Small House of Everything

Small House of Everything

Saturday, September 28, 2019

EH! #5 (JULY 1954)

 Once upon a time there was a comic book called MAD and upon that particular time it was pretty funny and popular and made money.  So then upon that time a lot of publishers wanted to get in on the action and, Lo! there was a plethora of humor comic books and magazines and God looked down upon them and said, "Eh!"  (This was in the days when the word "meh" had not been invented.)

Some of MAD's imitators were not too bad, a very few were good, and a lot of them were just scraping the bottom of the barrel.  Down there close to the barrel's bottom was Eh!, Charleton Comics attempt to join the party.  To be fair, Eh!'s idea of satire and humor was at a fourth-grade level, which could have been their target audience.  It's main news stand competitor, however, had a more sophisticated (that's not really the right word, but you know what I mean) approach to satire -- which is why MAD lasted until this year and Eh! lies forgotten in the dust of yesteryear.

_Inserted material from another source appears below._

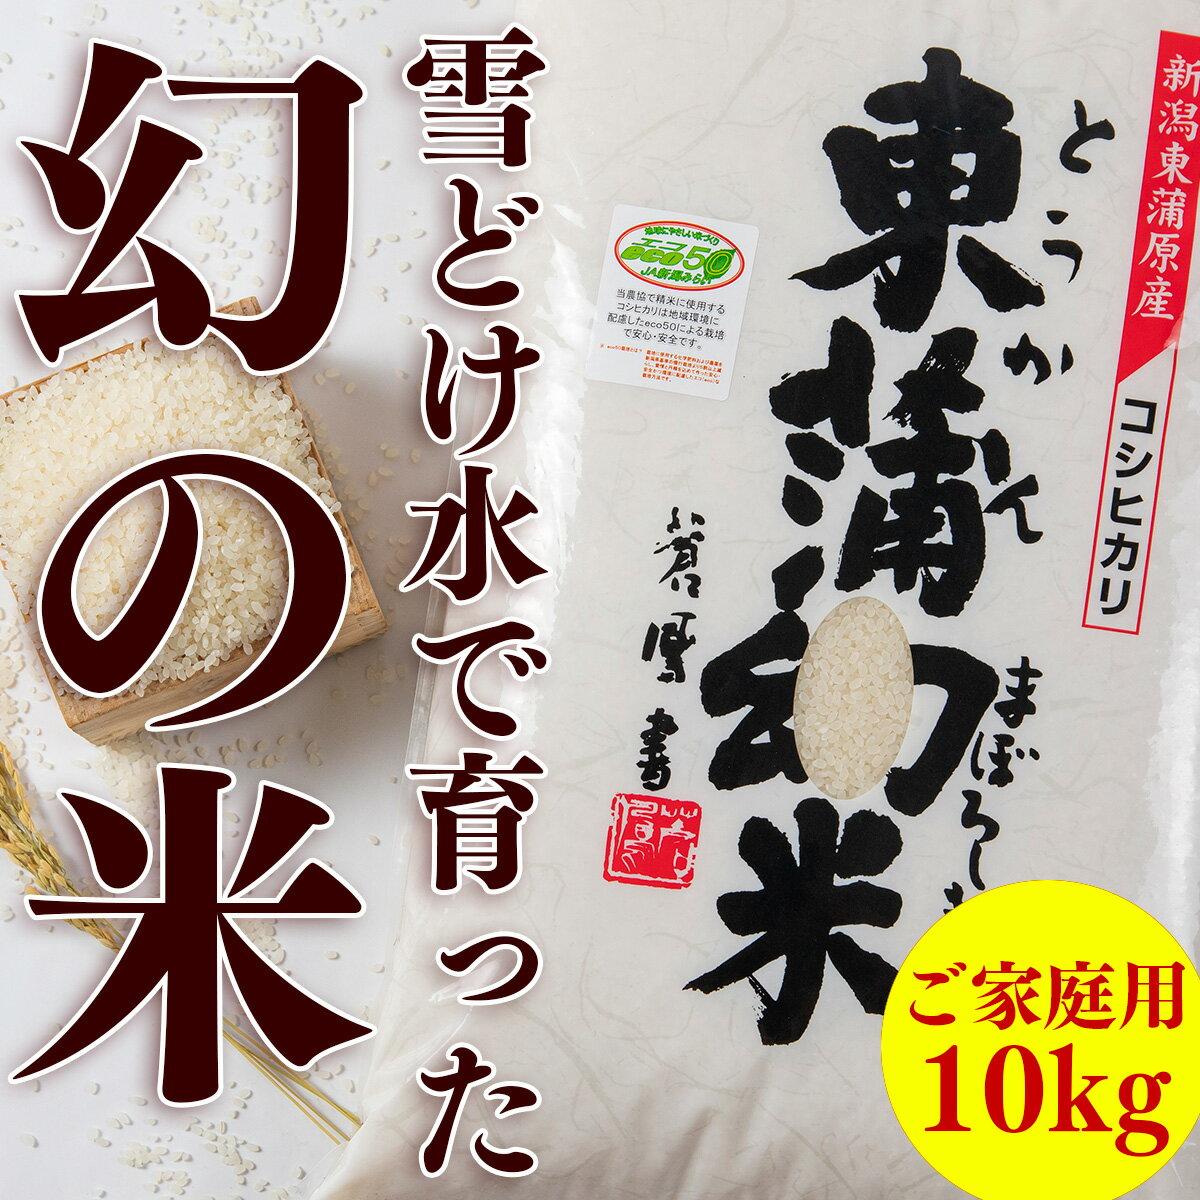 【ふるさと納税】特別栽培コシヒカリ新米 化学肥料・農薬50%削減の『東蒲幻米』(ご家庭用)10kg
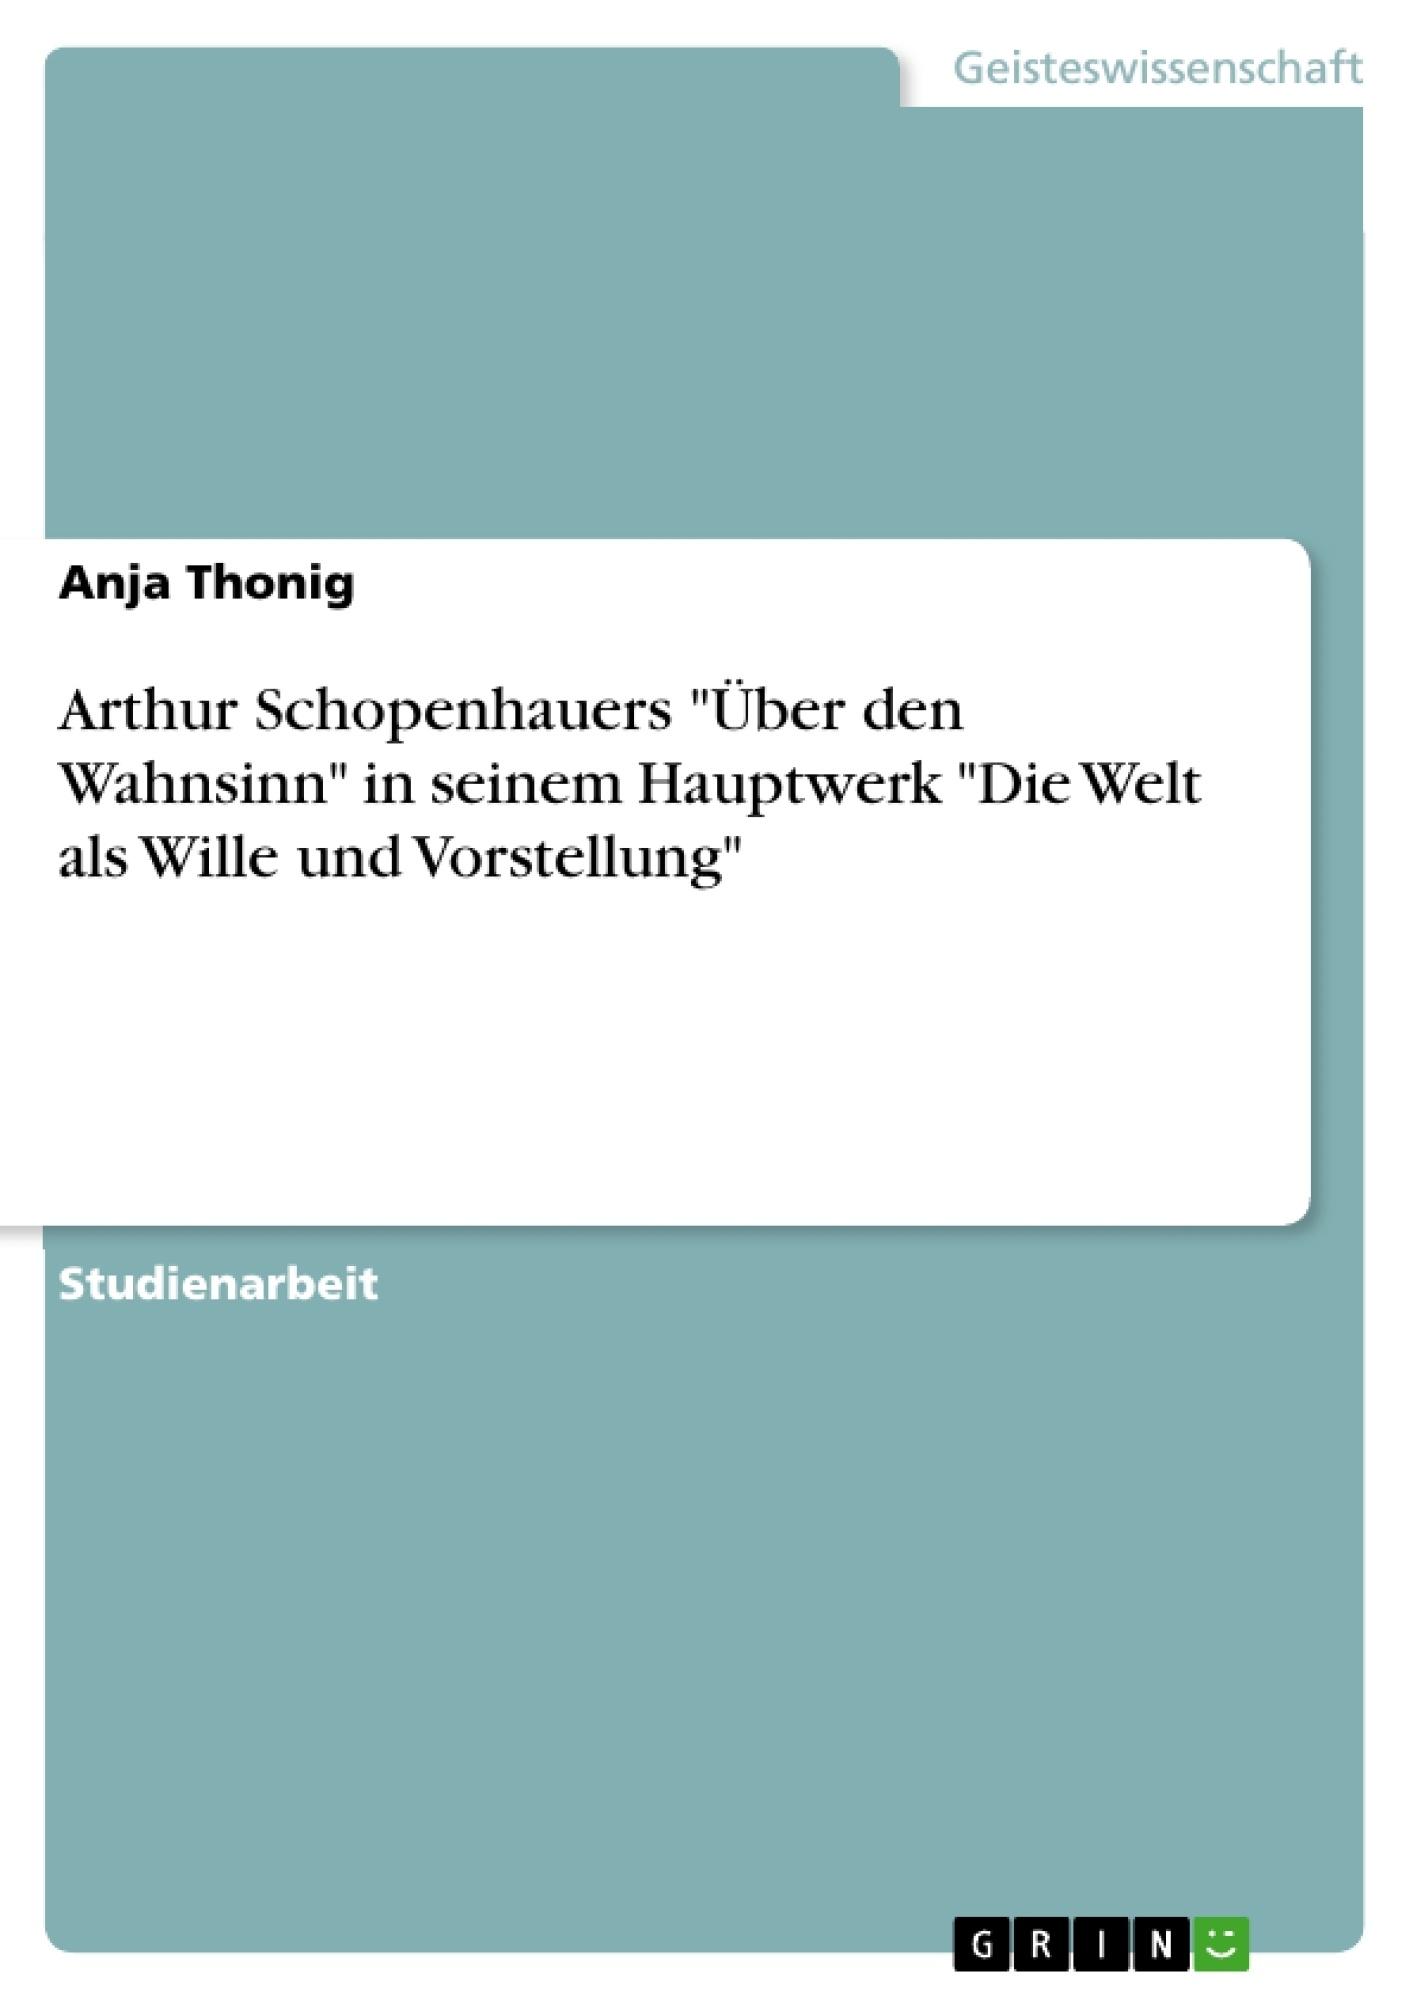 """Titel: Arthur Schopenhauers """"Über den Wahnsinn"""" in seinem Hauptwerk """"Die Welt als Wille und Vorstellung"""""""

So let's tke a look at Eh! #5, shall we?

In a riff on This Is Your Life, the show's host is desperate to find a subject for that week's show.  With no else to choose from, he eventually settles on Crazy Mike Schultz, a mass murderer who had escaped from Death Row.  The show ends with Crazy Mike in the electric chair.  Funny, huh?

An advertising company's researcher has come up with a new product by mixing dirt with earth -- DIRTH!  The demand for Dirth goes sky high and unscrupulous business men try to corner the market on the ingredients.

The Rhineghoul Pretzel Company decides to do something different for their Miss Rhineghoul 1954 beauty contest -- the winner will be the ugliest girl in the country!  The concept was unfunny back then and even more so in today's Me Too era.

An ad for a book titled How to Avoid the Draft comes up with such hints as a) enlist and b) close the window.

As you may tell, there's little in this issue I found worthwhile, from the strained "humor" to the second-rate artwork.  Even the little lagniappes placed throughout the comic book (such as the word "Milk" written on a cow's udder) fall flat.  On the plus (?) side, some of the girls are drawn with healthy mammaries.